Julie Plec is one of the busiest women in Hollywood.
“In the last six or seven years, I have had anywhere from two to three shows on at any given time,” Plec, 47, tells The Post. “It’s been a wild ride.”
The writer/director/producer currently has three shows on television: supernatural drama “Legacies” (Thursdays at 9 p.m. on The CW), “Roswell, New Mexico” (also on the CW, returning for its second season March 16) and the upcoming Netflix drama “The Girls on the Bus” about female political journalists.
“I should have a chart, but I don’t,” says Plec about balancing her various projects. “I have spent so long juggling in my own mind that it’s become a strange perverted art form. What it really comes down to is [that] if I’m taking on multiple things, I can’t be singularly involved as the day-to-day showrunner on more than one series.
“There’s just not enough time in the day, she says, “so I align myself with really tremendous partners.”
For instance, “Roswell” reboot “Roswell, New Mexico” is helmed by Carina Adly MacKenzie. Plec, who executive produces the drama and directed two episodes, calls herself its “fairy godmother.” And when “The Girls on the Bus” began production, she stepped back from co-showrunning “Legacies” (with Brett Matthews) on a daily basis.

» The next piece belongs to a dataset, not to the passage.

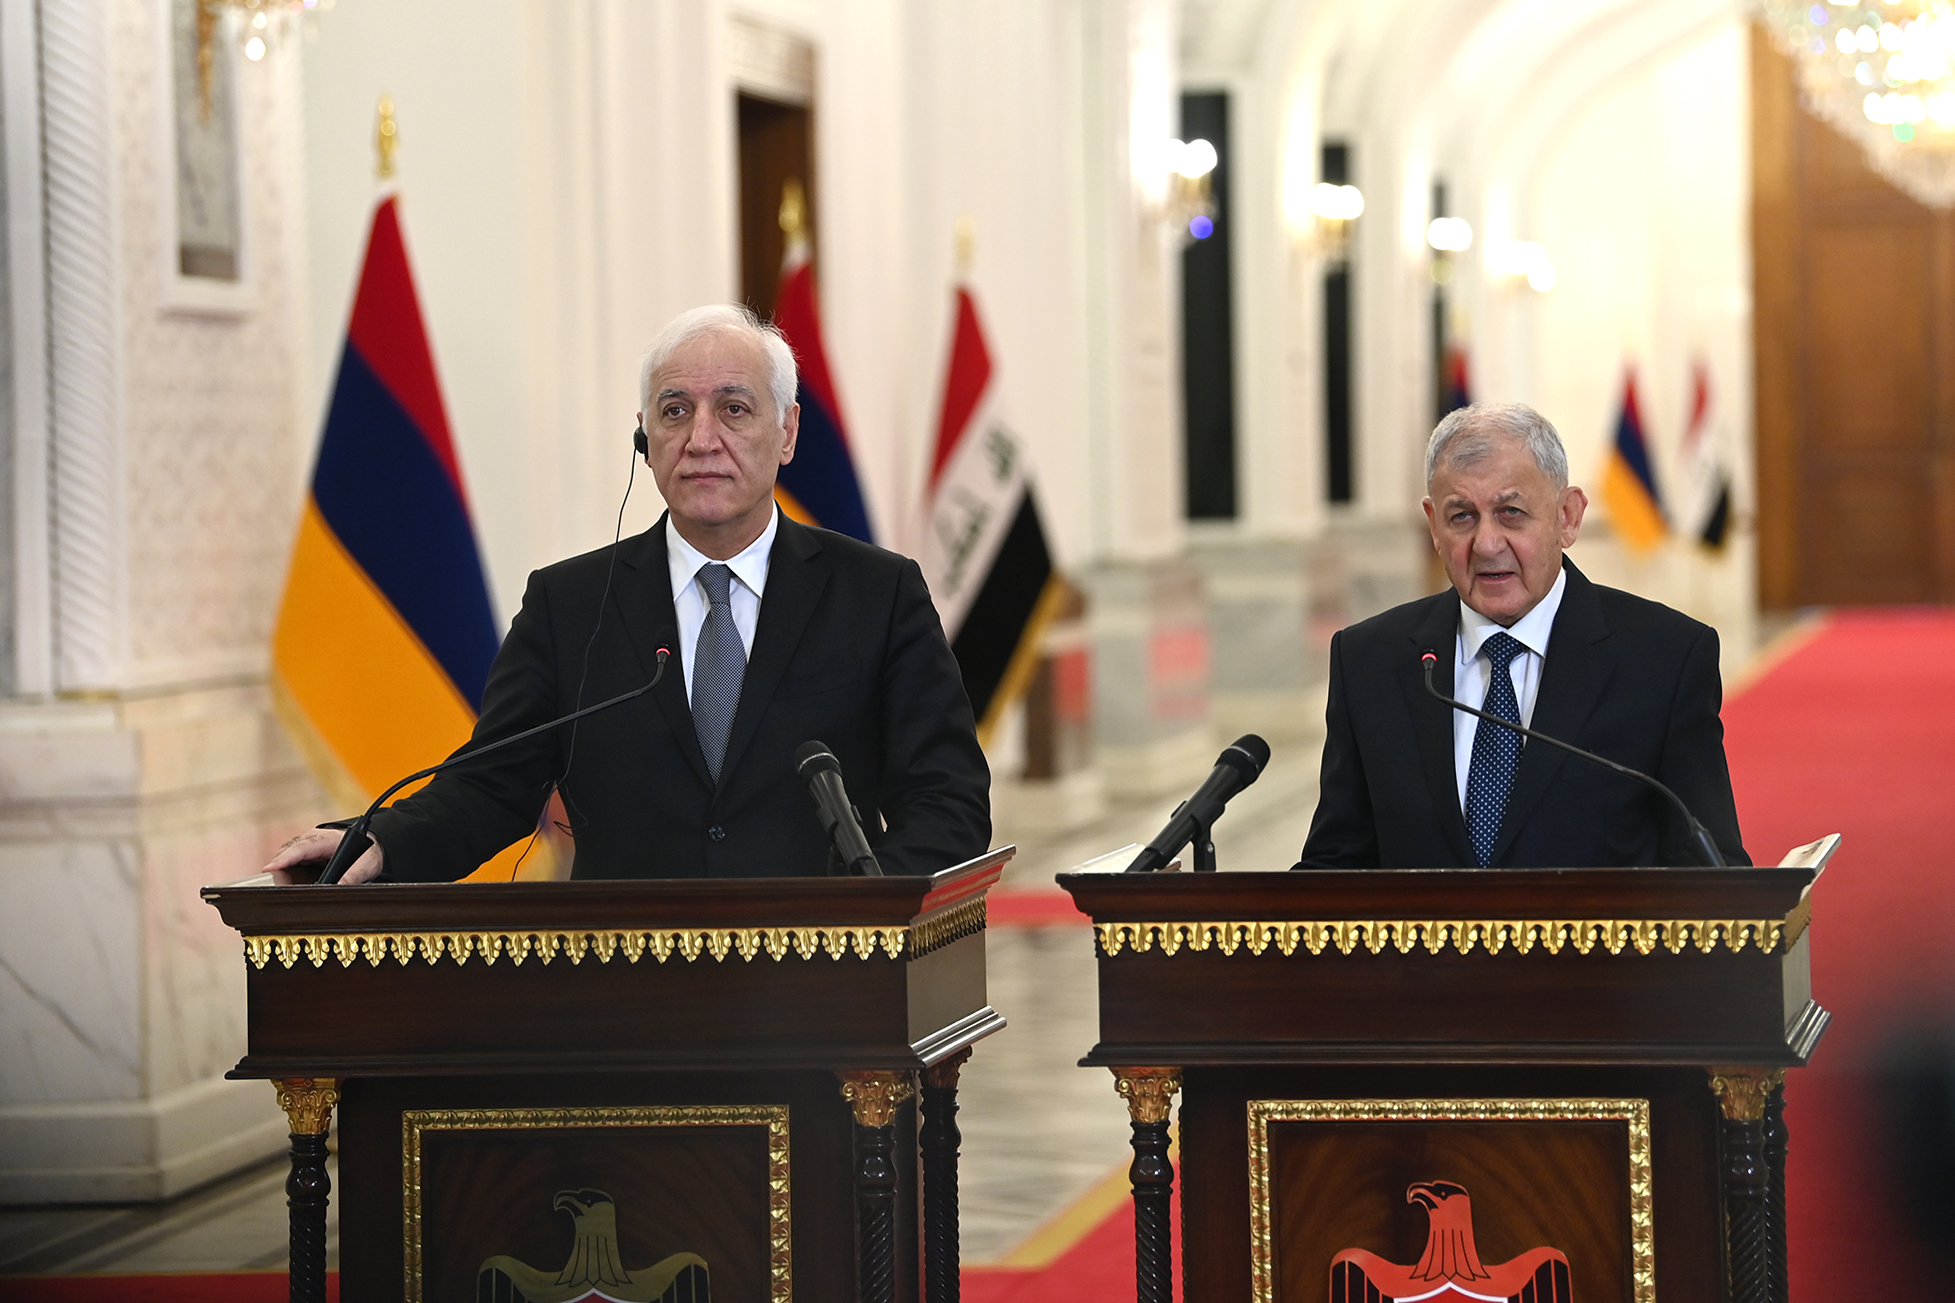 ՀՀ-ի և Իրաքի նախագահներն անդրադարձել են պաշտպանության և անվտանգության ոլորտներում հայ-իրաքյան համագործակցության խորացման հեռանկարներին

“The minute ‘The Girls on the Bus’ started heating up, I shifted most of my attention to that, but was available to Brett for story breaking and script notes,” she says. “It really is about being available to make sure the quality of each show is unwavering, but also being able to count on the people I’ve put in place — that they can do the work to the best of their abilities, and often they do it better than I do.
“It works out for all of us.”
Plec, who cut her teeth working with horrormeister Wes Craven (the “Scream” franchise), first rose to prominence with the “Vampire Diaries” franchise, comprising the parent show (2009-2017), “The Originals (2013-2018) and now “Legacies,” which follows teens at a supernatural school. That show is currently in its second season and has been renewed for a third. Combined, the franchise has over 300 episodes of TV.

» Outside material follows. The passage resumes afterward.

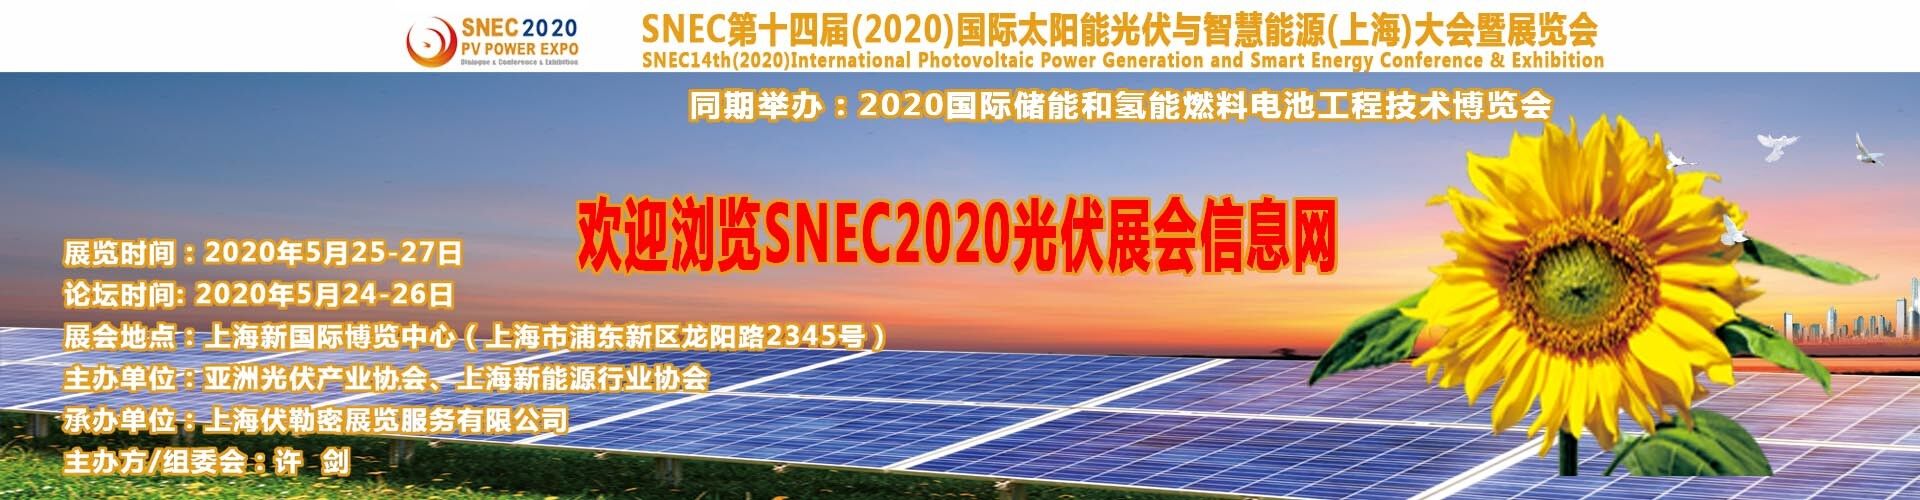 SNEC2018太陽能光伏展會門票

“The joke [‘Vampire Diaries’ co-creator Kevin Williamson] and I like to tell is that we truly believed that we’d be the ones to rejuvenate the vampire genre or put the final nail in its coffin, so to speak,” she says. “Because the market was so saturated … it was exciting to see the show find an audience in spite of [the movie] ‘Twilight’ and [HBO’s] ‘True Blood’ competing for attention during that time. What’s been more exciting is that every three years, I meet a new generation of 12-year-olds who have just started watching the show on Netflix.
“It’s been thrilling to see the show have timeless legs. It keeps finding new fans.”
And that “Vampire Diaries” universe might not stop at three shows, she says. “Brett [Matthews] and I have a pitch for at least one more [series] that we really love,” she says. “We don’t wake up every morning and say, ‘How can we continue to monetize this franchise?’ We just love the world.”
Plec also has other shows in nascent stages (under a four-year deal she recently inked with Universal TV) that, she says, will likely stay in the realm of teen dramas.
“The older I get, the younger I feel, and the more I enjoy writing the [teen] stuff, because I’m trapped emotionally probably as a 17-year-old in my soul,” she says. “I like writing about love, and I like writing about loss and grief.
“I like writing about powerful and intense and epic emotional relationships.”